> Work instructions
Return the material below exactly, but only from the line with "An I P v 4 address" through the line with "111SKIN Rose Gold", and without its pictures.

(Dataset)

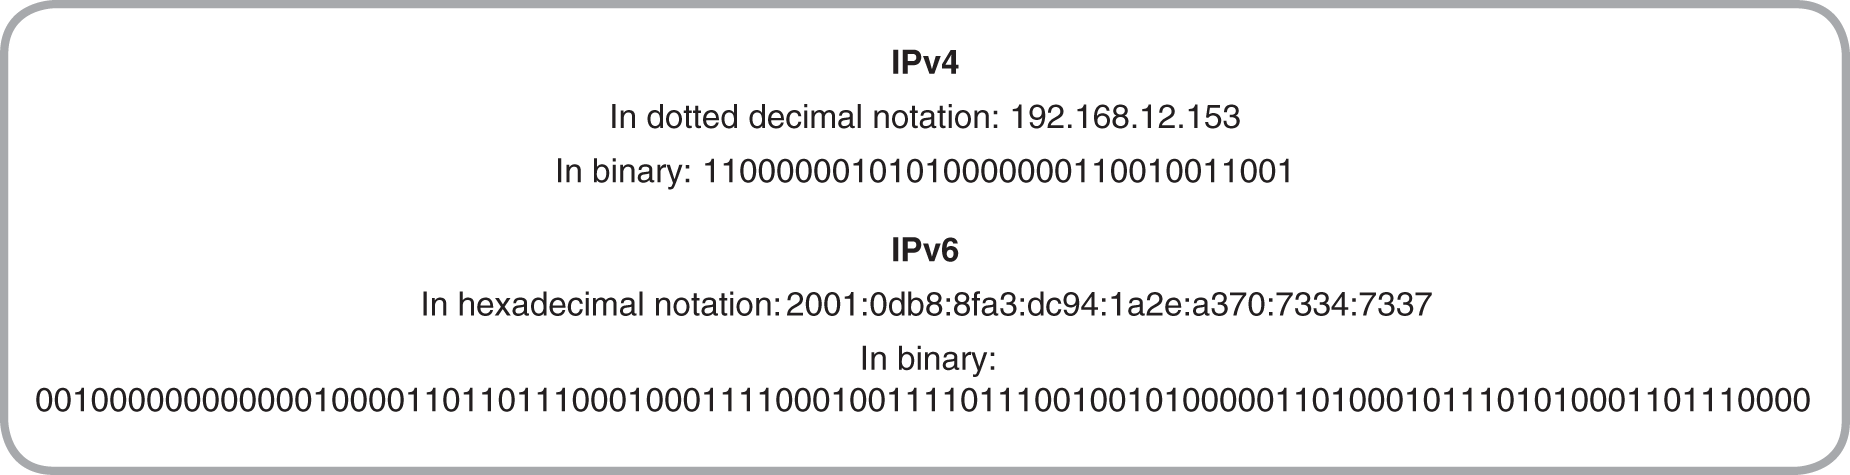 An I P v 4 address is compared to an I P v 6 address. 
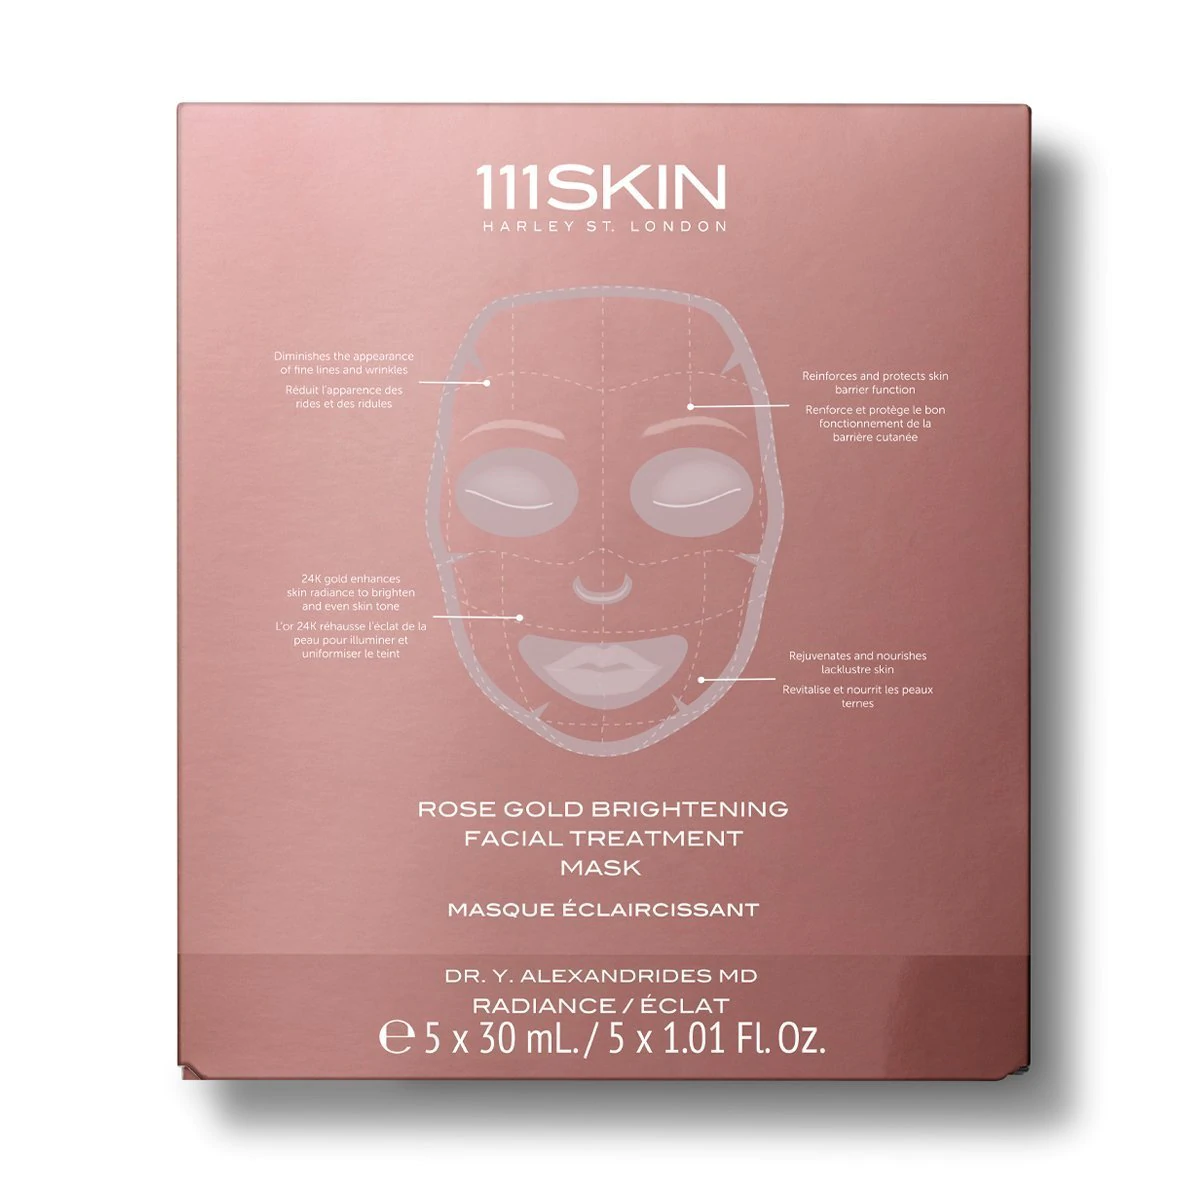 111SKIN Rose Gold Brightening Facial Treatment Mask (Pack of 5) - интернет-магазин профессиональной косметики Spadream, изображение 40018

(End Dataset)
(Dataset)

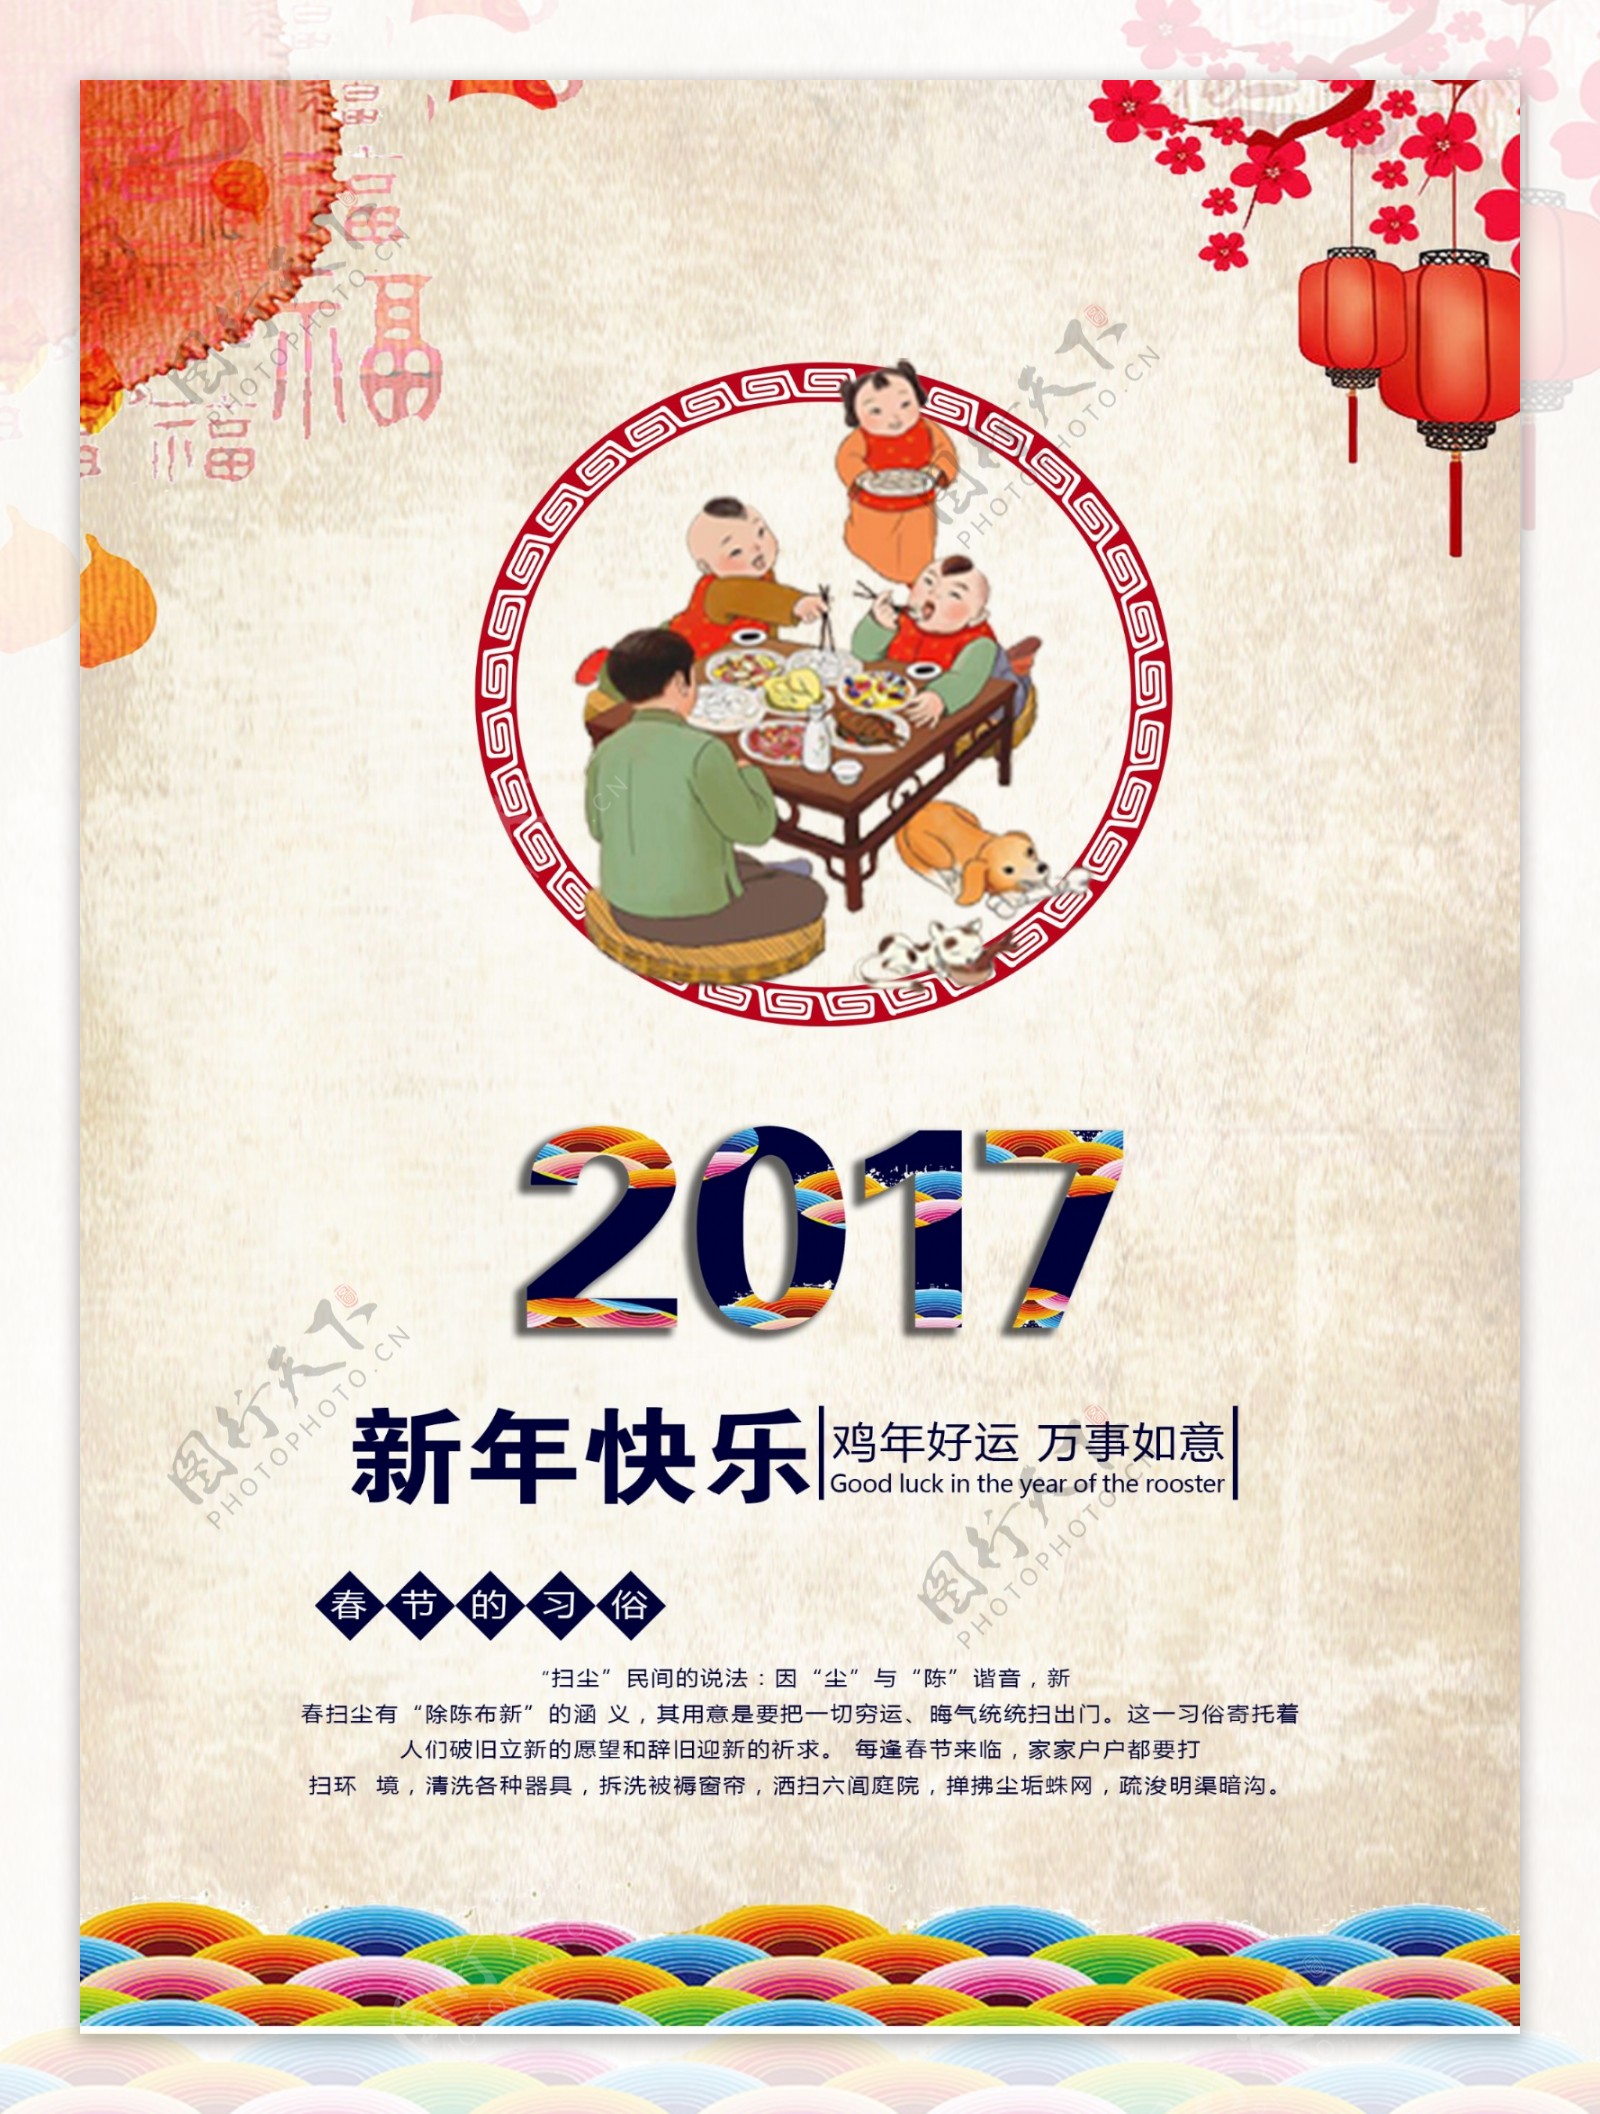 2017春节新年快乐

(End Dataset)
(Dataset)

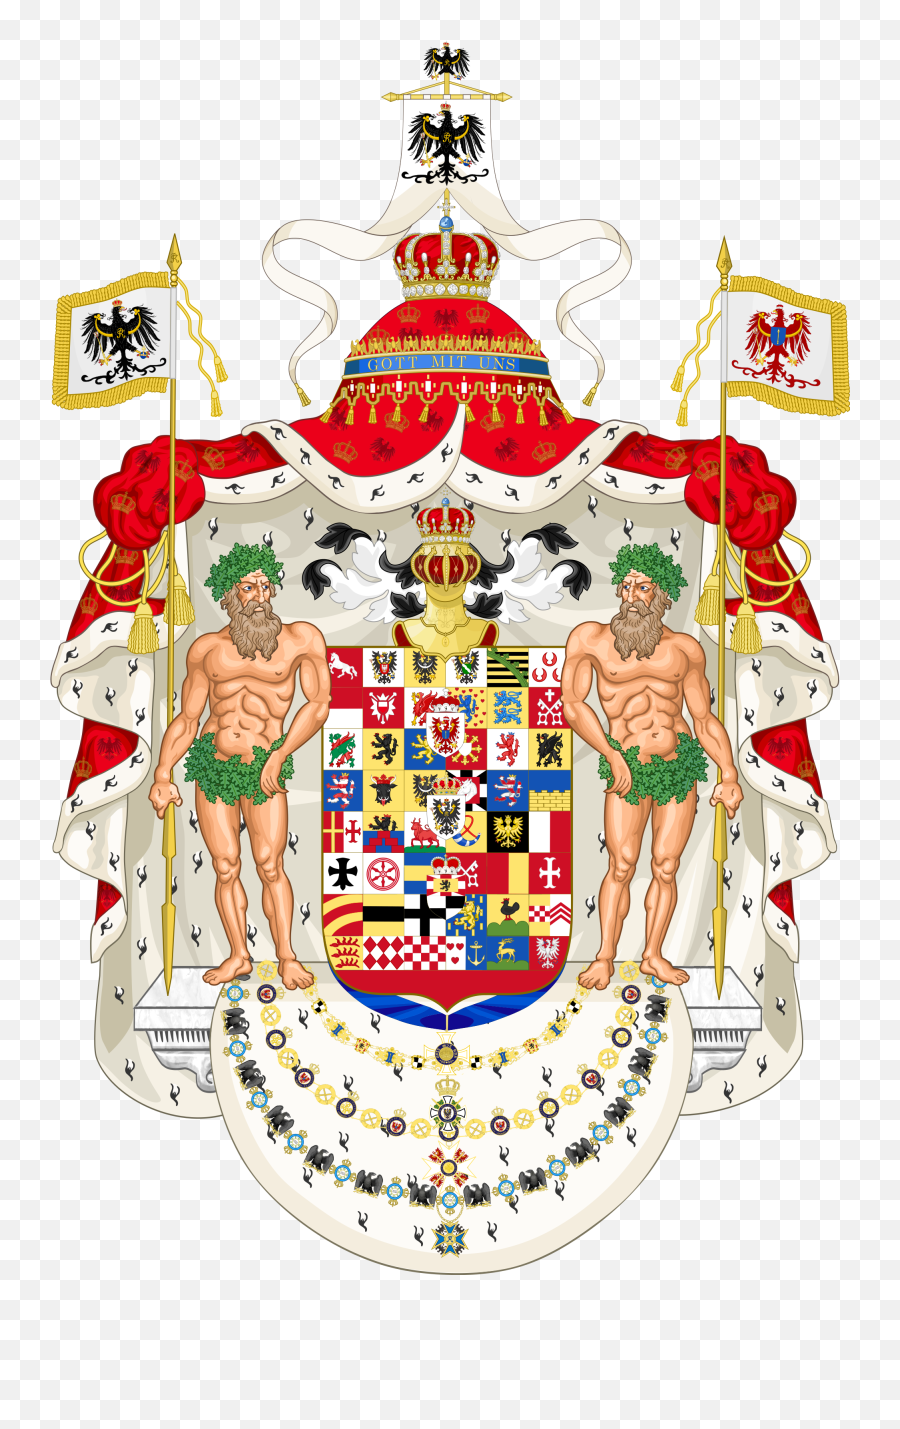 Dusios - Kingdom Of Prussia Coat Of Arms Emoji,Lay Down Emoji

(End Dataset)

> Answer space
 An I P v 4 address is compared to an I P v 6 address. 
 111SKIN Rose Gold Brightening Facial Treatment Mask (Pack of 5) - интернет-магазин профессиональной косметики Spadream, изображение 40018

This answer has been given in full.